This question has never been decided in this state. It has, however, arisen in other states and in England, and has been so intermingled with the different one of the corporate liability of eleemosynary corporations for their own corporate negligence that the review we make of cases illustrating the treatment the subject has received from other courts will necessarily include some cases bearing more directly on the latter question.

The question arose in England in 1824, in the court of common pleas, in the case of Hall v. Smith, 2 Bing. 156. Commissioners for the town of Birmingham ordered a tunnel through a public street The surveyor and contractor appointed by them to build it failed to put up guard rails or to provide lights. The court held that the commissioners were not liable,—not because such a corporation or quasi corporation for public purposes was not liable for its negligence; not because the surveyor and contractor were not the servants of the corporation (the early case of Bush v. Steinman, 1 Bos. & P. 404, had not then been overruled); but because the rule of respondeat superior did not apply. Best, C. J., said: "The maxim of respondeat superior is bottomed on the principle that he who expects to derive advantage from an act which is done by another for him must answer for any injury which a third person may sustain from it." And so the reason of the rule does not apply to trustees for public purposes, acting according to their best judgment and with the best advice.

In 1839, Duncan v. Findlater, 6 Clark & P. 894, was decided by the house of lords. It was a Scotch case,—an action against the trustees of a turnpike road for injuries caused by the negligence of a surveyor appointed by them. The only question actually decided in this case was that the trustees were not liable for an injury caused by the neglect of a person not standing in the relation of a servant to the trustees. But the language of Lord Cottenham went further, and stated the principle that unpaid trustees for public purposes can in no case be liable in their corporate or quasi corporate capacity. This statement was rejected in subsequent cases, and in Trustees, etc., v. Gibbs, L. R. 1 H. L. 93, was distinctly held unfounded in law.

The same year Parnaby v. Canal Co., 11 Adol. & E. 223, was decided, and held that when a statute of incorporation authorized a company to construct a canal, and did not in special terms impose any duty in reference to its use, the general law imposed upon the company the duty to use reasonable care in making navigation secure. The case is pertinent only because it defines the principle of implied corporate duty corresponding to granted corporate powers, which principle subsequent cases hold applicable to powers granted to trustees for public purposes and corporations for charitable purposes, as well as to corporations organized for profit.

Trustees, etc., v.
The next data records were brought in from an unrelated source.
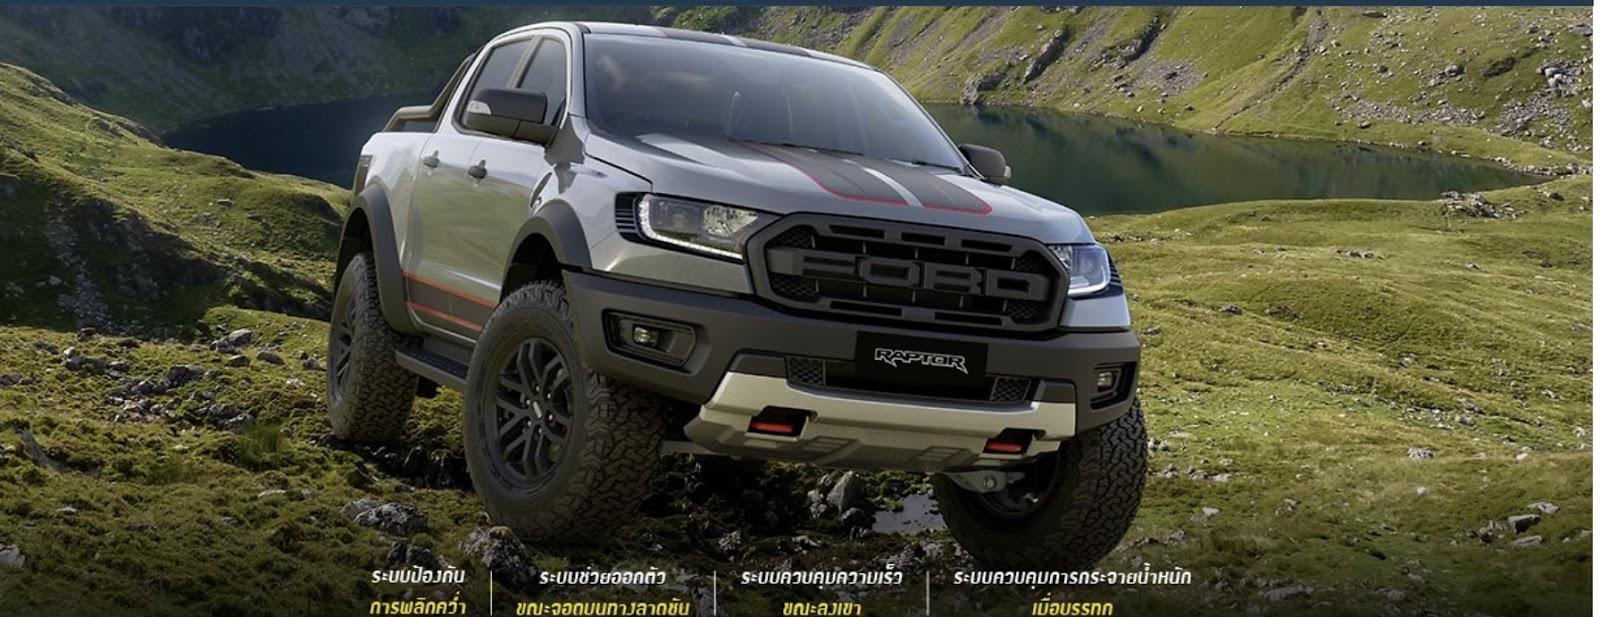 ระบบความปลอดภัยของรถยนต์ : Ford Ranger Raptor X
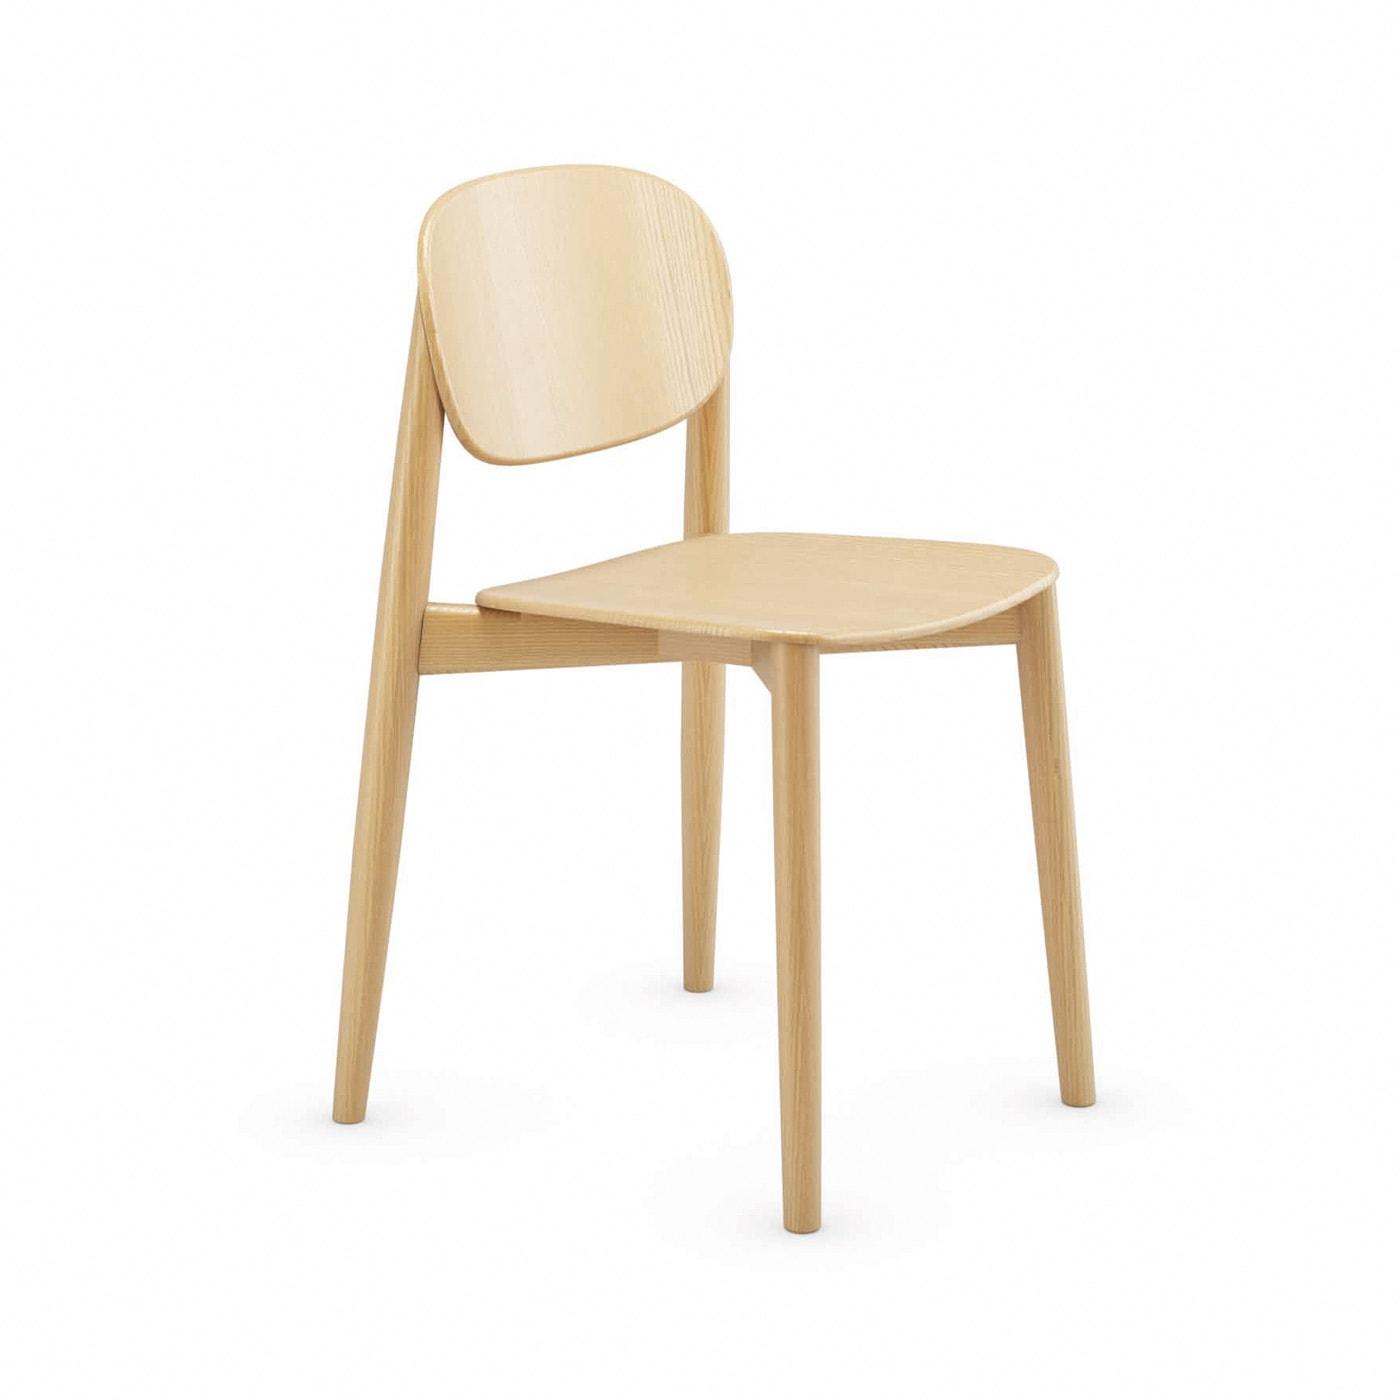 INFINITI Harmo sedia in legno
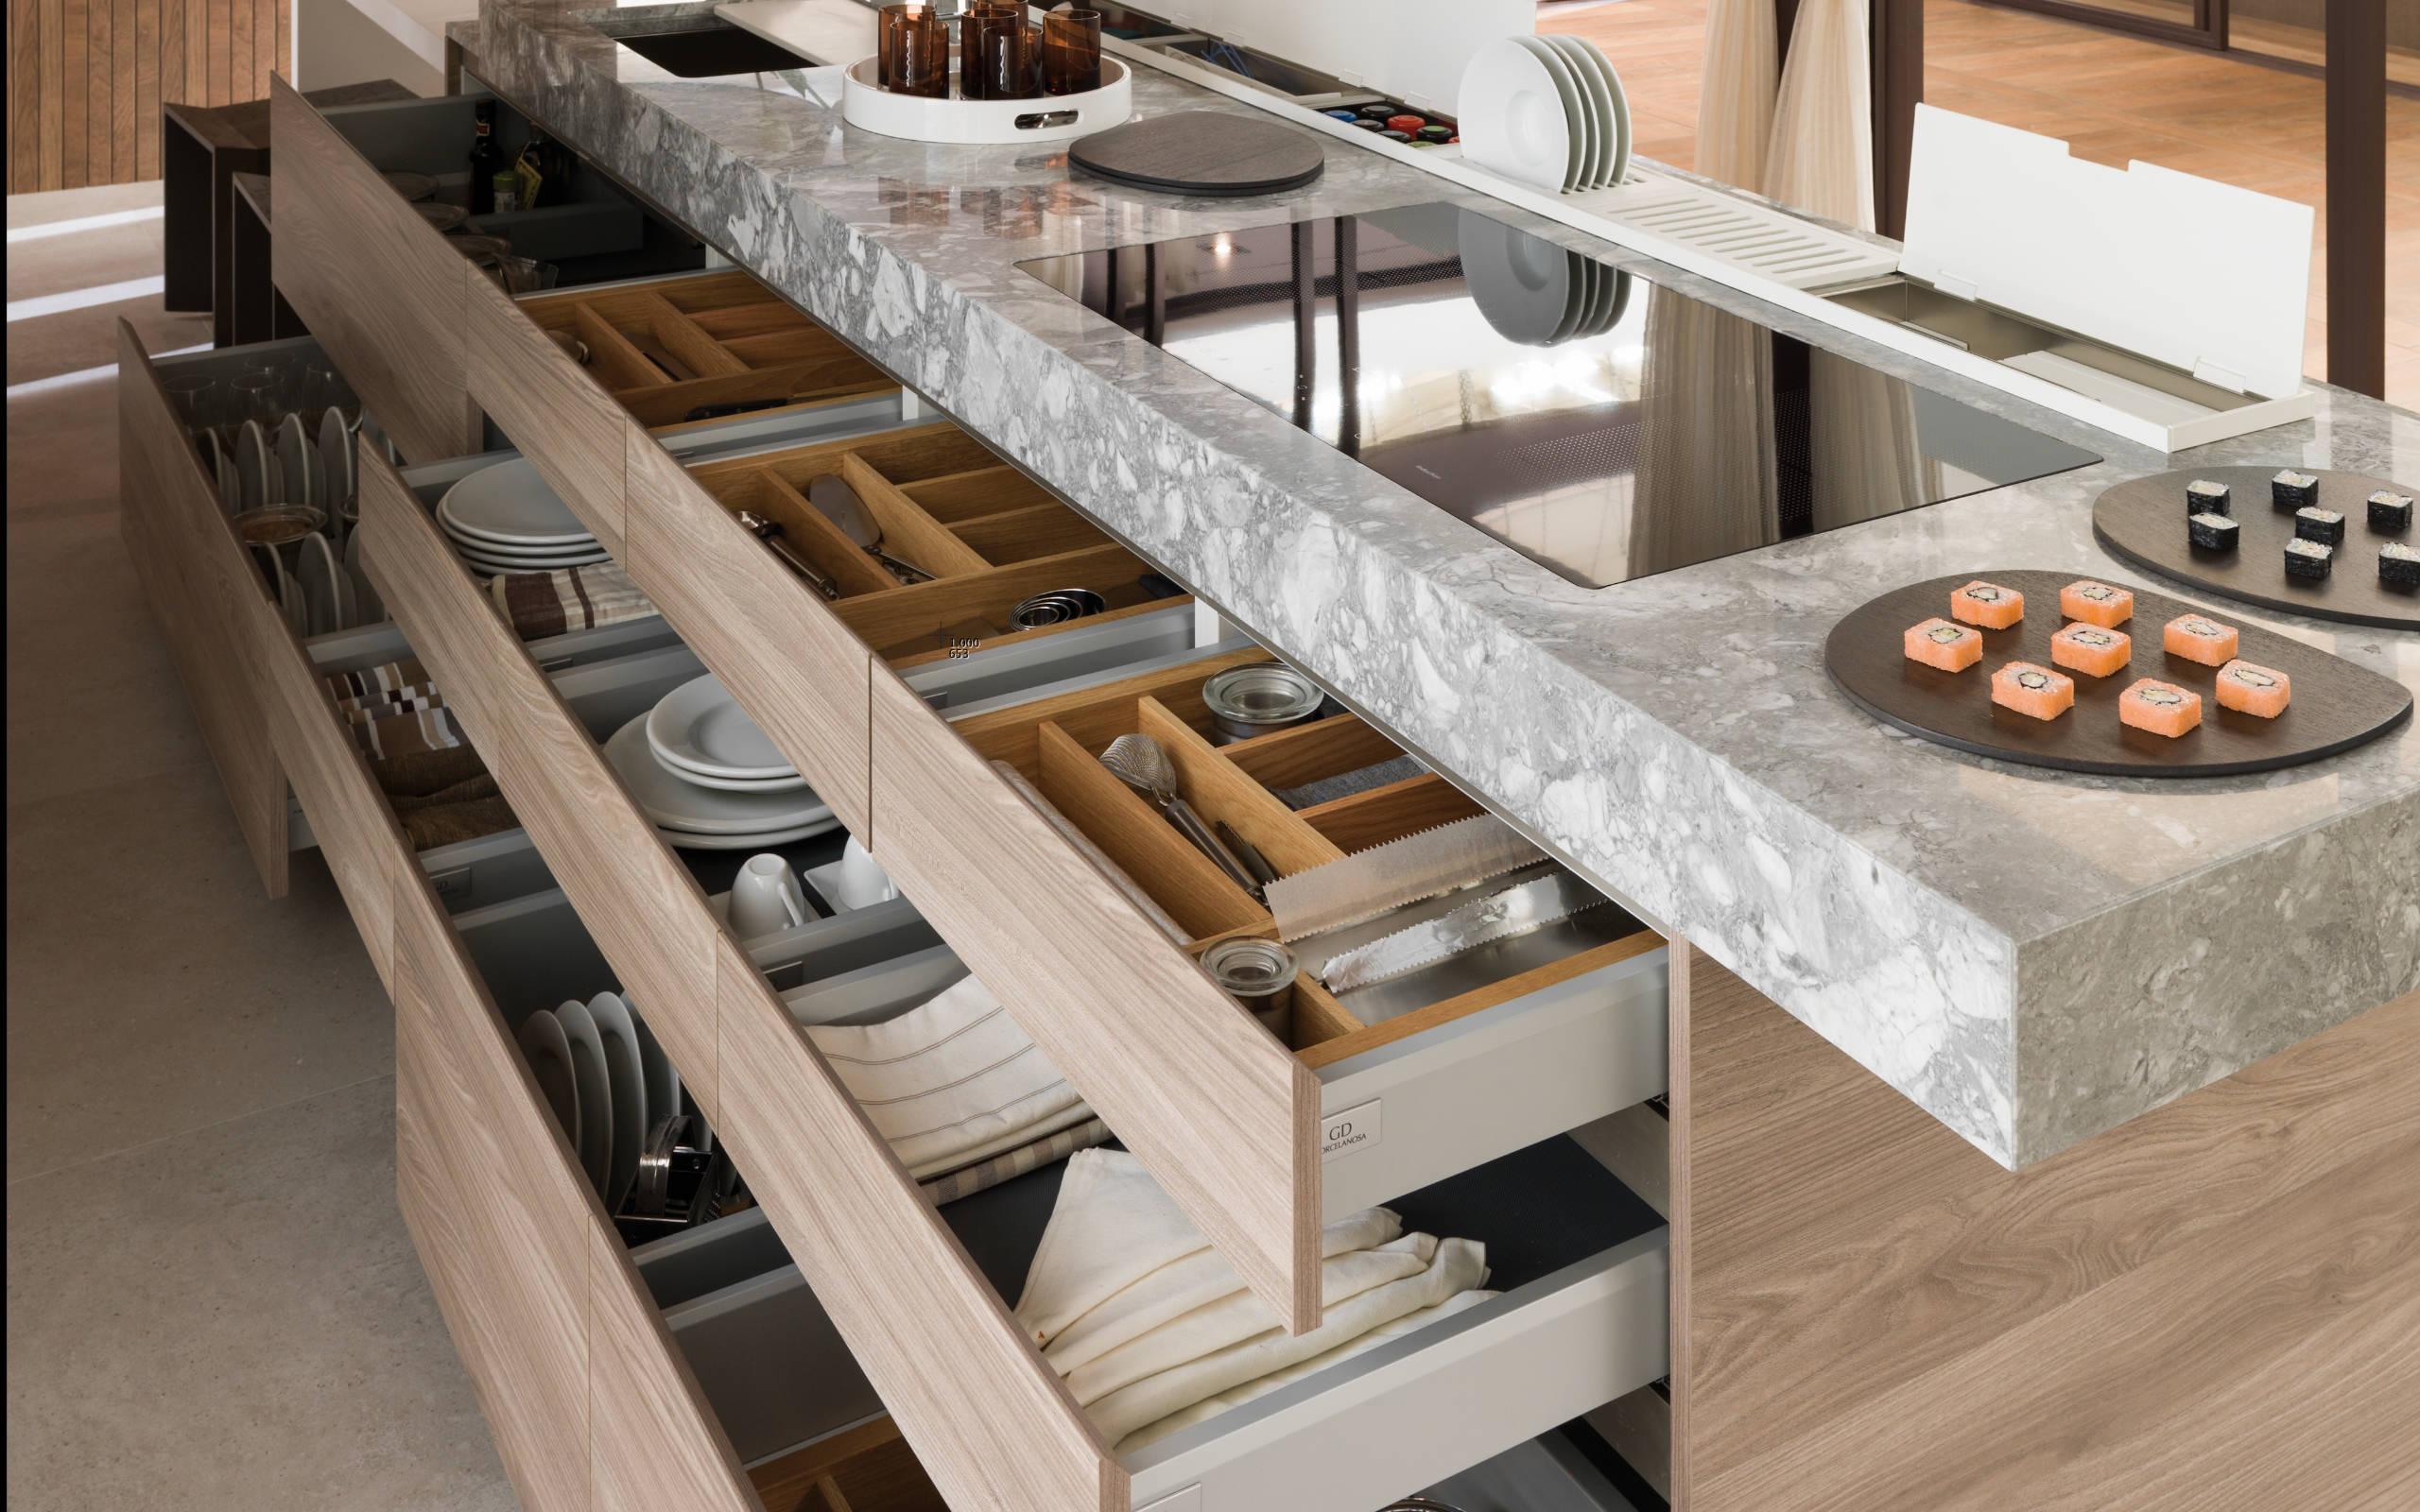 Soluciones para el almacenaje de cocina  equipamiento innovador y práctico  para una óptima organización - GAMADECOR Blog d142e98c3b0b

Ross, 12 Clark & F. 507, decided in 1846, has been frequently cited in American cases. The action was an attempt to apply trust funds, given by a private donor for founding a hospital for the maintenance of fatherless boys, to be governed in pursuance of statutes established by him, towards the payment of damages caused by a refusal of the trustees of the fund to obey the statutes of the founder in respect to an applicant for admission to the hospital. The Scotch court of session ordered damages to be assessed against the fund, and upon appeal to the house of lords two questions were presented: Did the statutes of the founder give to every eligible person a right to admission on application, without any discretion in the trustees as to selection? And, second, can the damages caused by the wrongful refusal of trustees to admit an applicant entitled of right to admission be recovered from the trust fund? The house refused to consider the first question, and reversed the order of the court of session on the ground that the wrong, if any, done to the applicant, was done by the individual trustees who voted against his admission, and that they were liable in an action, and the trust fund was not. In Duncan v. Pindlater, supra, the claim had been made that the Scotch practice of using trust funds to pay damages for injuries Caused by their managers was authorized by Scotch law, and the house of lords had decided that it was not authorized by Scotch law; and now within a few years of that decision, when a Scotch court again holds that the condemned practice is authorized by Scotch law, the house makes short work of the case, refuses to consider a doubtful and important question involved, or to discuss an authority, except Duncan v. Pindlater, which had not been duly respected. The pith of the case appears in the...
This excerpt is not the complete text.